Timing of Decision on Appeal
The Administrative Committee, or its delegate, shall notify the Employee (or his or her representative) of the determination on review within 60 days (or, for disability claims, 45 days) after receipt of the Employee's request for review, unless the Administrative Committee, or its delegate, determines that special circumstances require an extension. The extension may not be longer than 60 days (or, for disability claims, 45 days). The Employee (or his or her representative) shall be notified if any extension is required, the special circumstances requiring an extension and the date when a determination is expected before the end of the initial 60 day (for disability claims, 45 day) period. Subject to the Compensation Committee, the Administrative Committee's, or its delegate's, decision shall be final and binding on all parties.

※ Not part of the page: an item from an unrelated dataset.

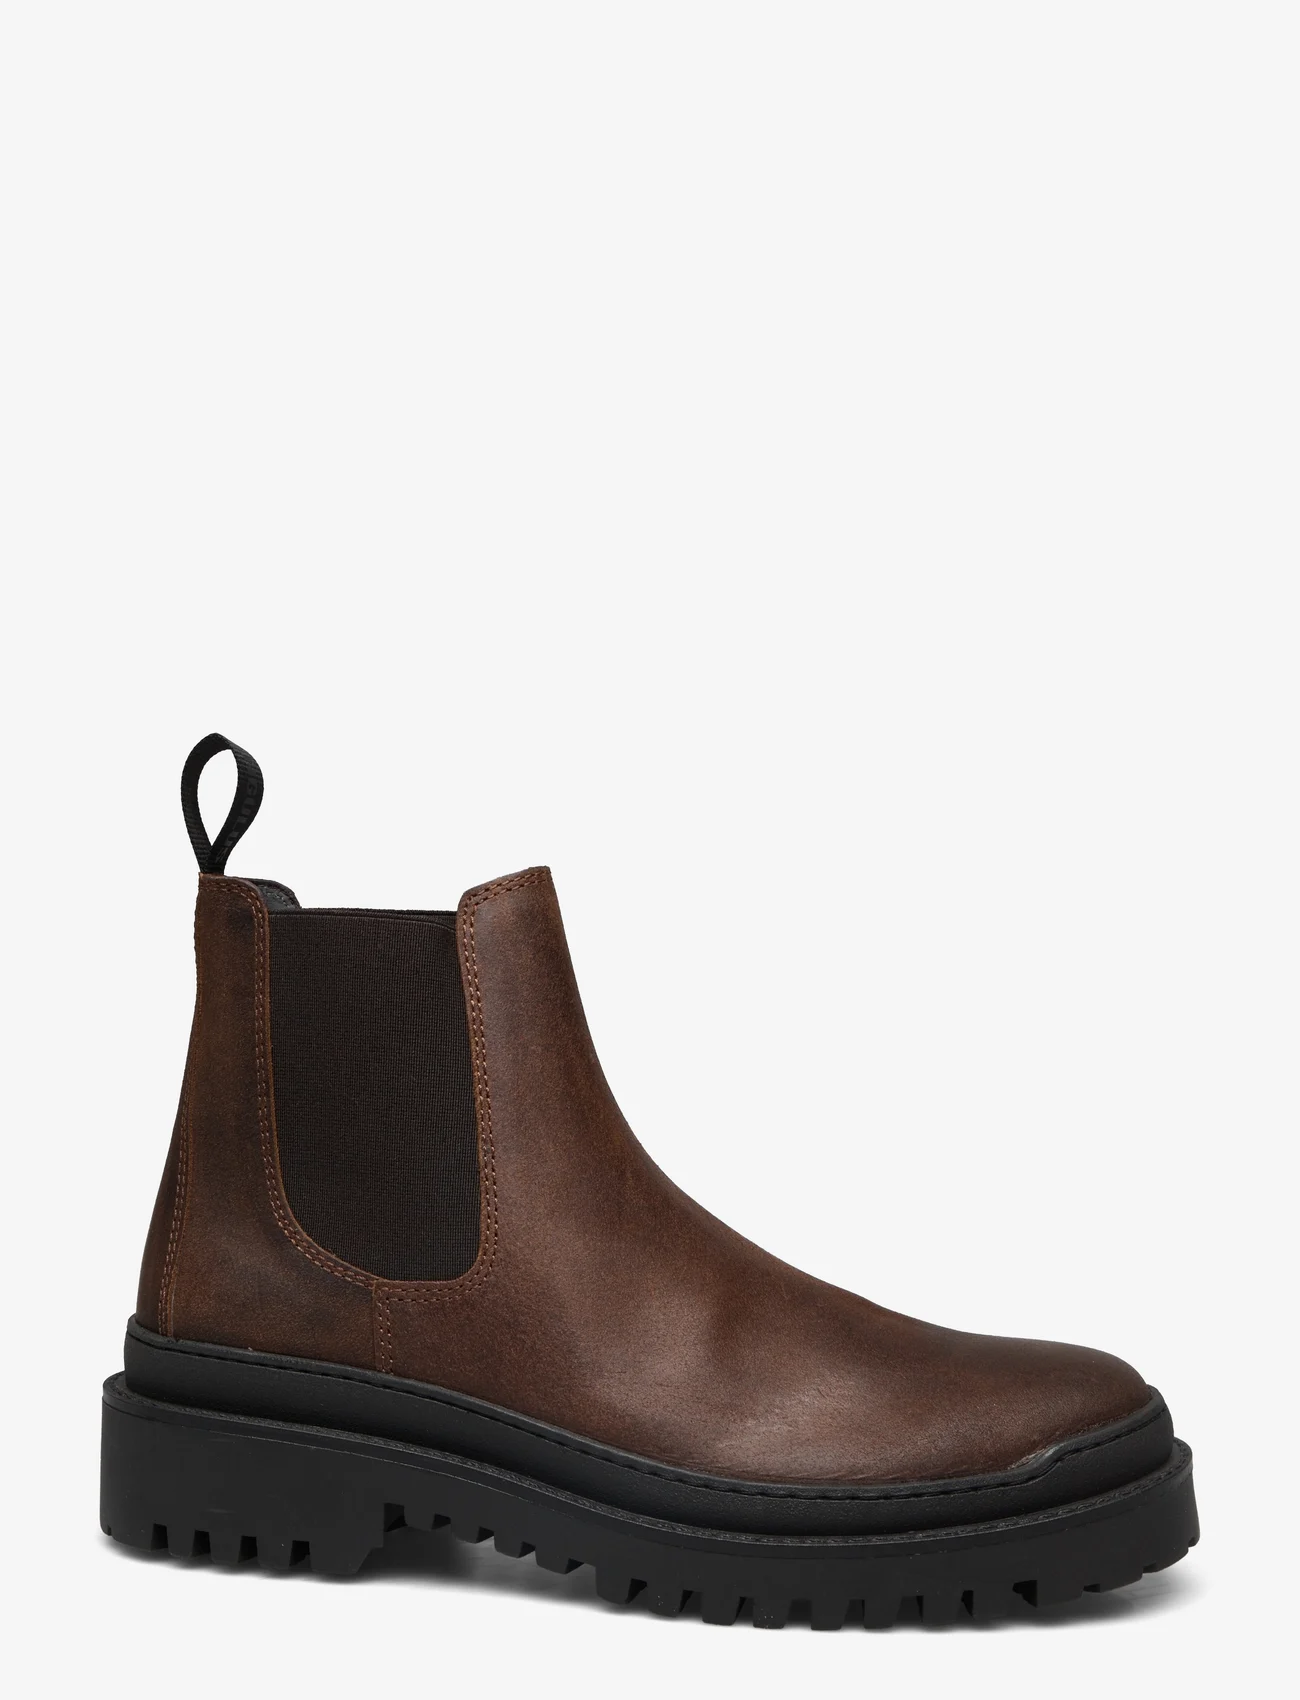 ANGULUS - Boots - flat - geburtstagsgeschenke - 2108/002 brown/brown - 1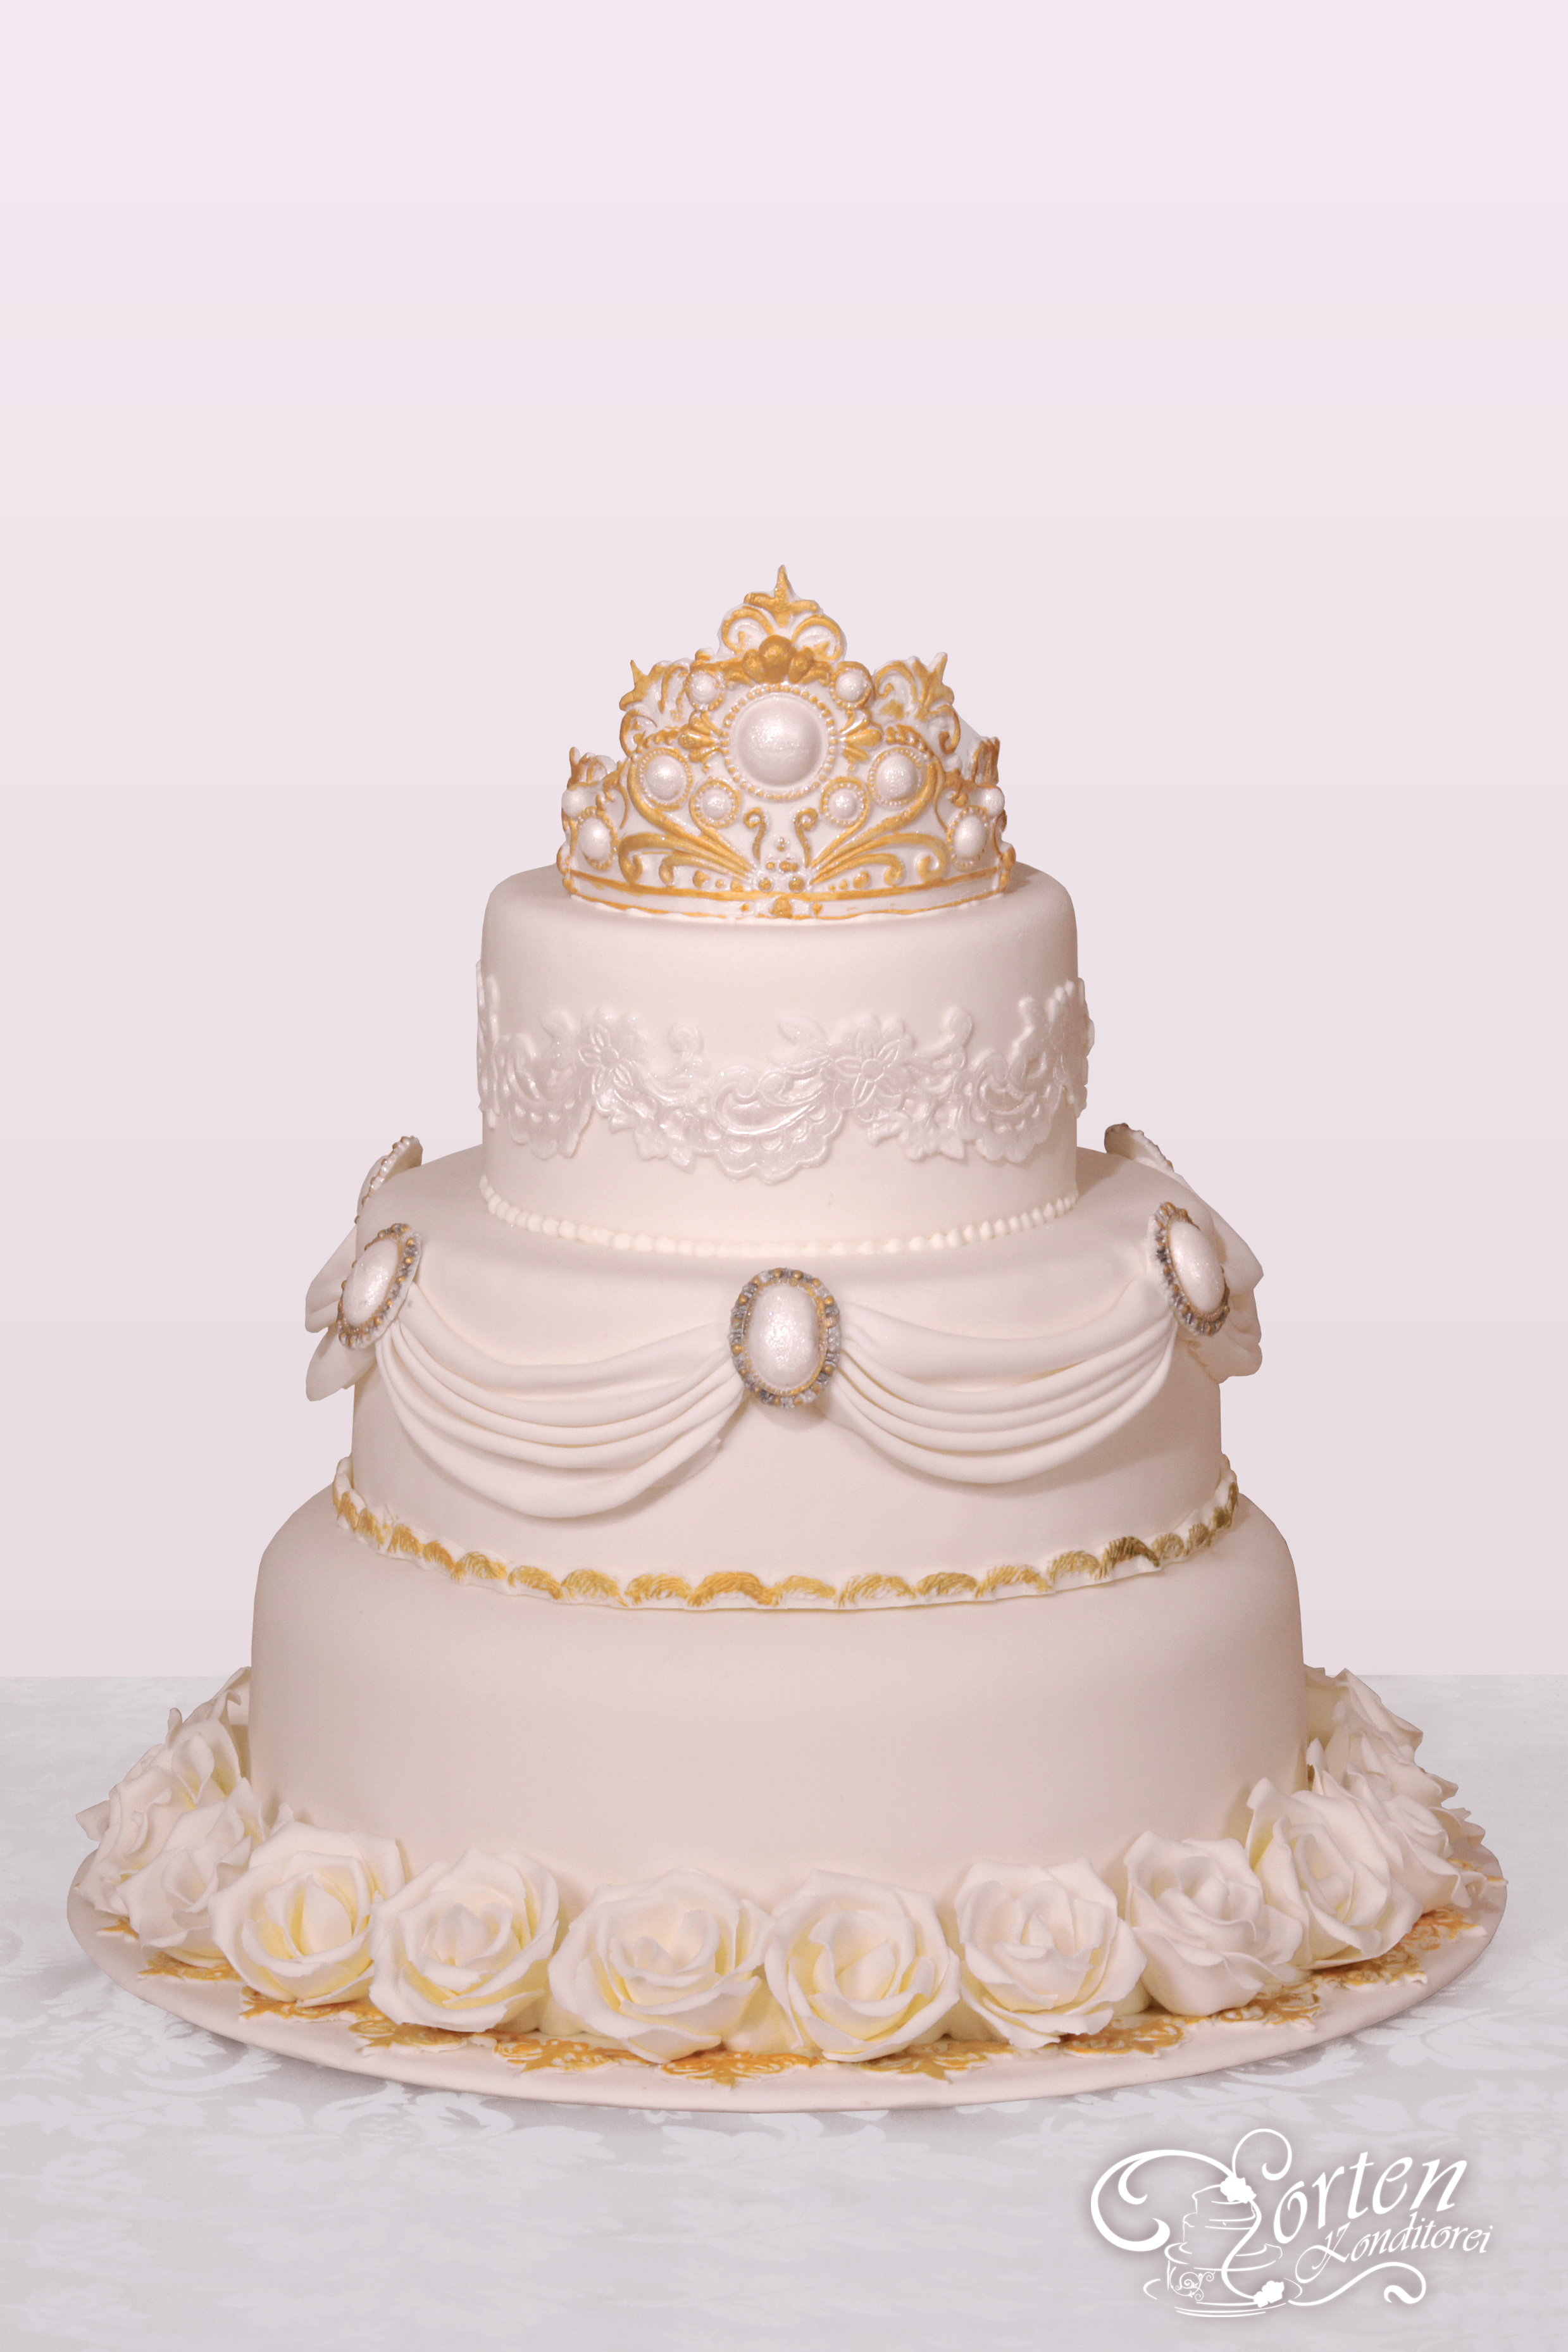 In königlichem Stil Dekoriete Hochzeitstorte mit Broschen Krone Rosen in Gold.

Notice of Benefit Determination on Review of an Appeal
The Administrative Committee, or its delegate, will provide the Employee (or his or her representative) with a written or electronic notice of the determination on review and, if the claim on review is denied:





1.
The specific reason or reasons for the denial;
2.
The specific Plan provision(s) on which the decision is based;
3.
A statement that the Employee is entitled to receive upon request and free of charge, reasonable access to, and copies of, all documents, records and other information relevant to his or her claim for benefits;
4.
If a claim based on disability was denied in reliance upon an internal rule, guideline, protocol or other similar criterion, the internal rule guideline, protocol or other criteria will he described, or the notice will include a statement that a copy of such rule, guideline, protocol or other criteria will be provided free of charge upon request; and
5.
A statement that the Employee shall have a right to bring a civil action under Section 502(a) of ER1SA following exhaustion of the Plans' administrative processes.

Discretionary Authority to Decide Claims and Appeals
The Administrative Committee, or its delegate, shall have full discretionary authority to determine eligibility under the Plan's terms, to interpret and apply the terms and provisions of the Plans, to resolve discrepancies and ambiguities, and to make final decisions on the appeal by an Employee of an initial denied claim. Subject to Compensation Committee review, the Administrative Committee's, or its delegate's, decision will be final and binding on all parties.
Right to File a Lawsuit Under ERISA
In the event an Employee's appeal under a Plan is denied by the Administrative Committee, or its delegate, he or she shall have the right to file a lawsuit under ERISA Section 502(a). Any such lawsuit must be filed within 12 months of the appeal having been denied. Any lawsuit filed shall be governed by ERISA, or to the extent not preempted, the laws of the State of New Jersey.
IN WITNESS WHEREOF, the Administrative Committee has caused this
amendment to be executed by its duly authorized representative this 6th day of April, 2017.